混沌状況の活写は可能か?

「哲学的見解が混沌とした議論の状況から浮上する現場」を押さえたい場合、論文作成技術が未熟な自分の場合だと、対象の混沌さが、そのまま自分の論文の混沌さに繋がってしまう(後略)。

http://twitter.com/adamtakahashi/status/12117793603

(前略)多くの場合「現場」では「混沌とした議論」がなされているが、それが論文になると論点がクリアに整理されてしまい、もともとの混沌とした状況を活写していないような印象を受ける。(後略)
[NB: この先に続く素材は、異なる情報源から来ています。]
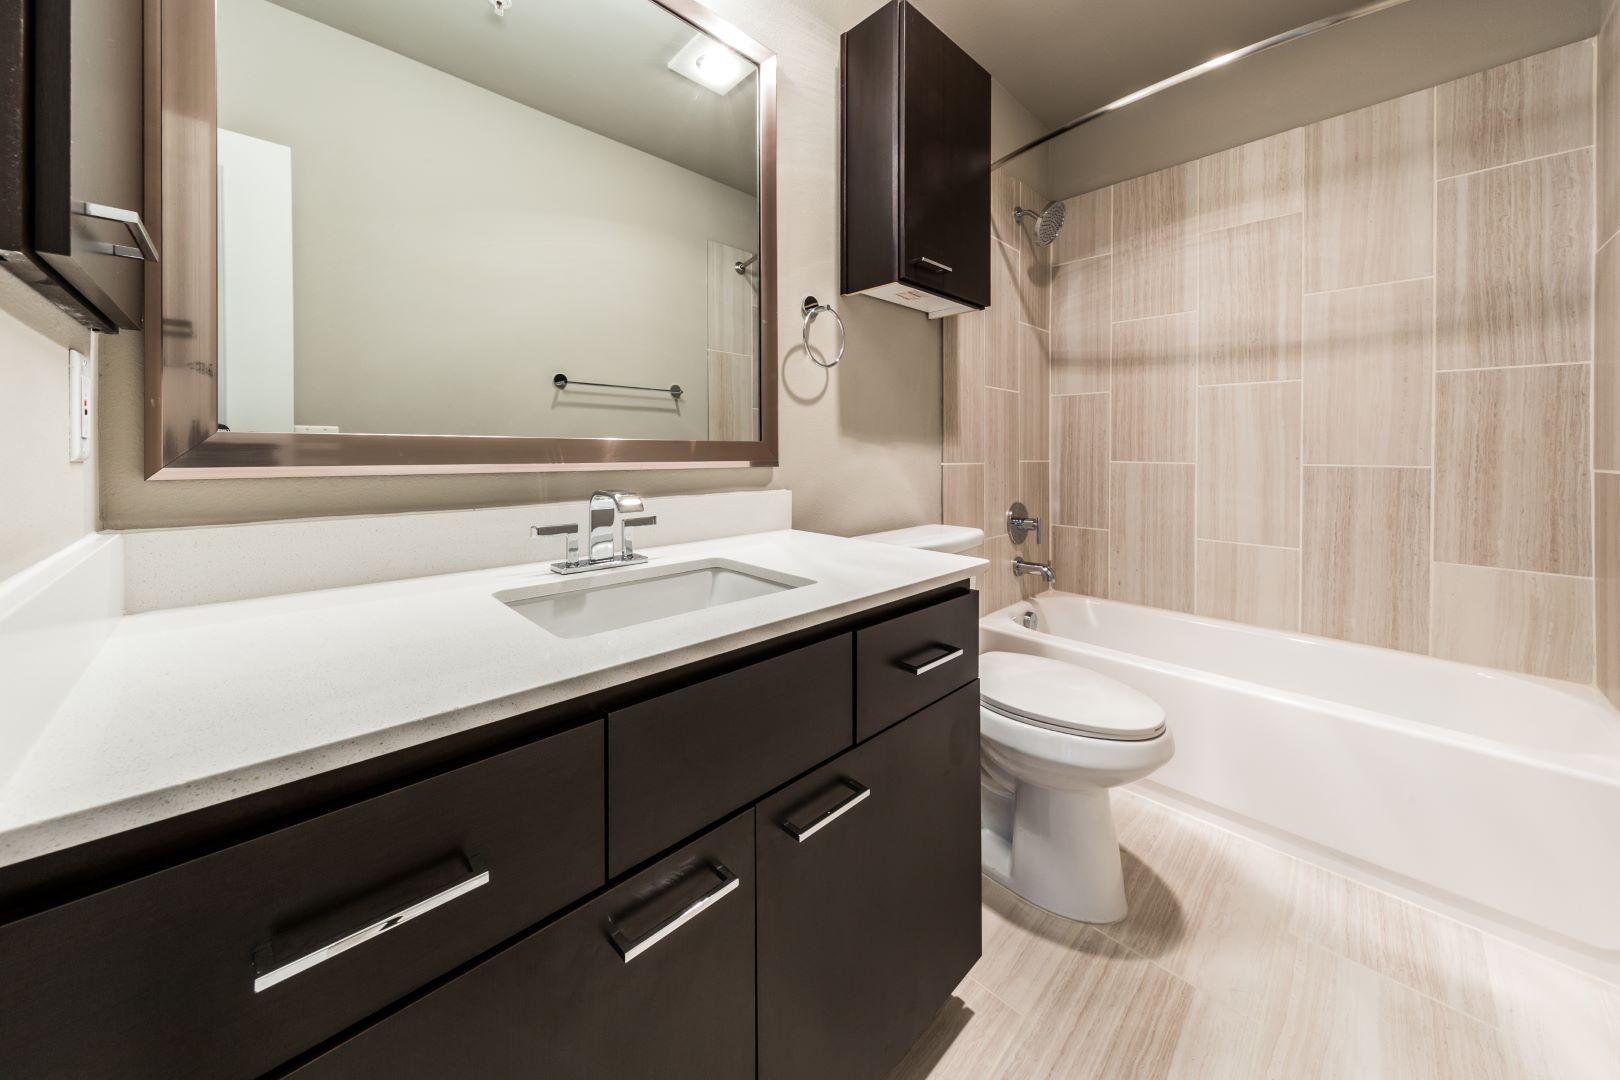 Bathroom at Marq 211 Apartments, Belltown, Seattle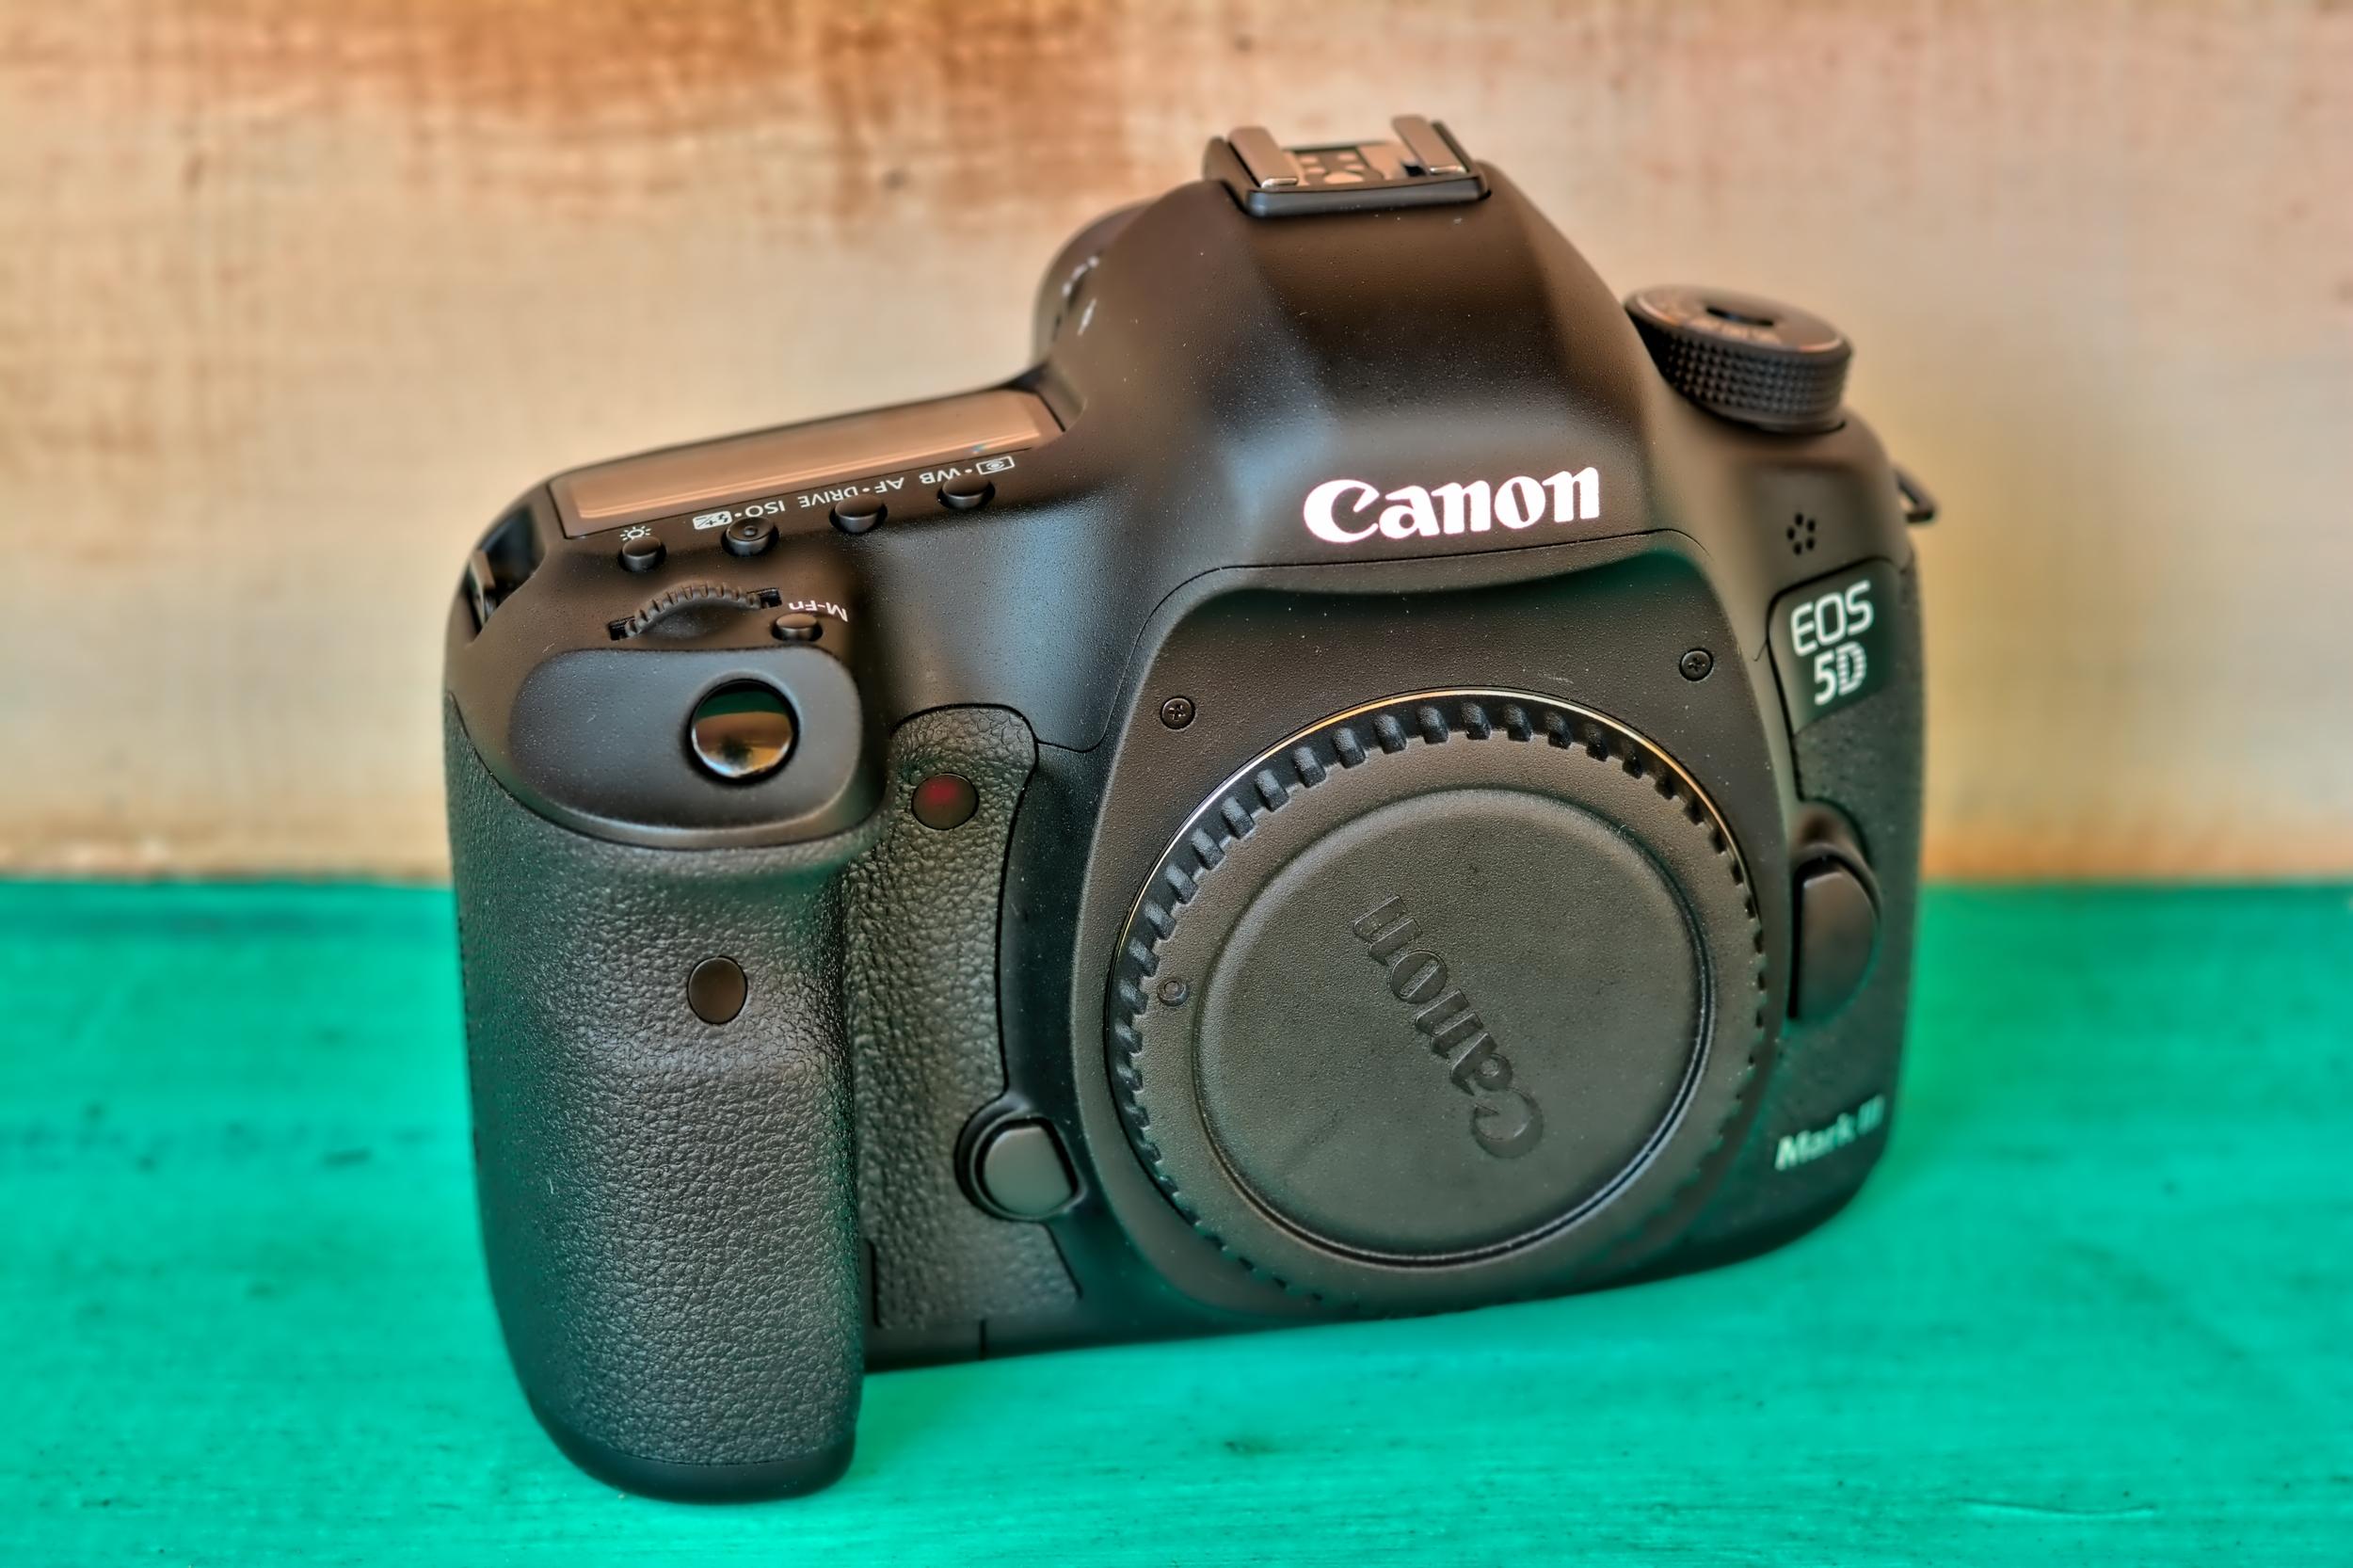 Canon EOS 5D Mark 111 Full Frame DSLR Camera

http://twitter.com/adamtakahashi/status/12118523684

 ここでアダムさんが言っていることを私なりに言い換えると、対象となる著作で行われている混沌とした議論をそのまま論文で再現しようとすると、論文自体の議論が混沌としたものとなって他人が読めるものではなくなってしまう。とはいえ、元々の混沌さを削ぎ落として読者に理解しやすい形で提示してしまうと、それは扱っている対象の実際を反映した論文にならず、過去を正確に伝えているとは言えないのではないか。こういうジレンマでしょう。

 もう少し言い換えると、古代以来の哲学というのはアリストテレスが用いた述語をさまざまな形で解釈しながら行われています。そのためある著作で行われている議論を理解は、その背景となる術語がたどってきた歴史や、その術語がその文脈ではどのような意味を与えられて用いられているかを念頭に置かないと不可能です。逆にこのような背景を踏まえて対象に当たると、実は混沌としているように見えた議論が実は非常に整然とした論旨を形成していたことが判明する場合があります。しかしそれを論文にする段になると、一からアリストテレスの術語や当時の状況などを解説する紙幅はなく、また実はそのような暗黙の前提というのは言語化するのが非常に難しいので、どうしても前提から丁寧に説明するのではなく、むしろ現代人でも理解できる形に咀嚼して提示するということを行ってしまいます。しかしこのような提示の仕方は扱っている対象を裏切っているのではないかと思うことがよくあります。

 いや、特に結論などはないのですが、これは困ったことだなといつも思います。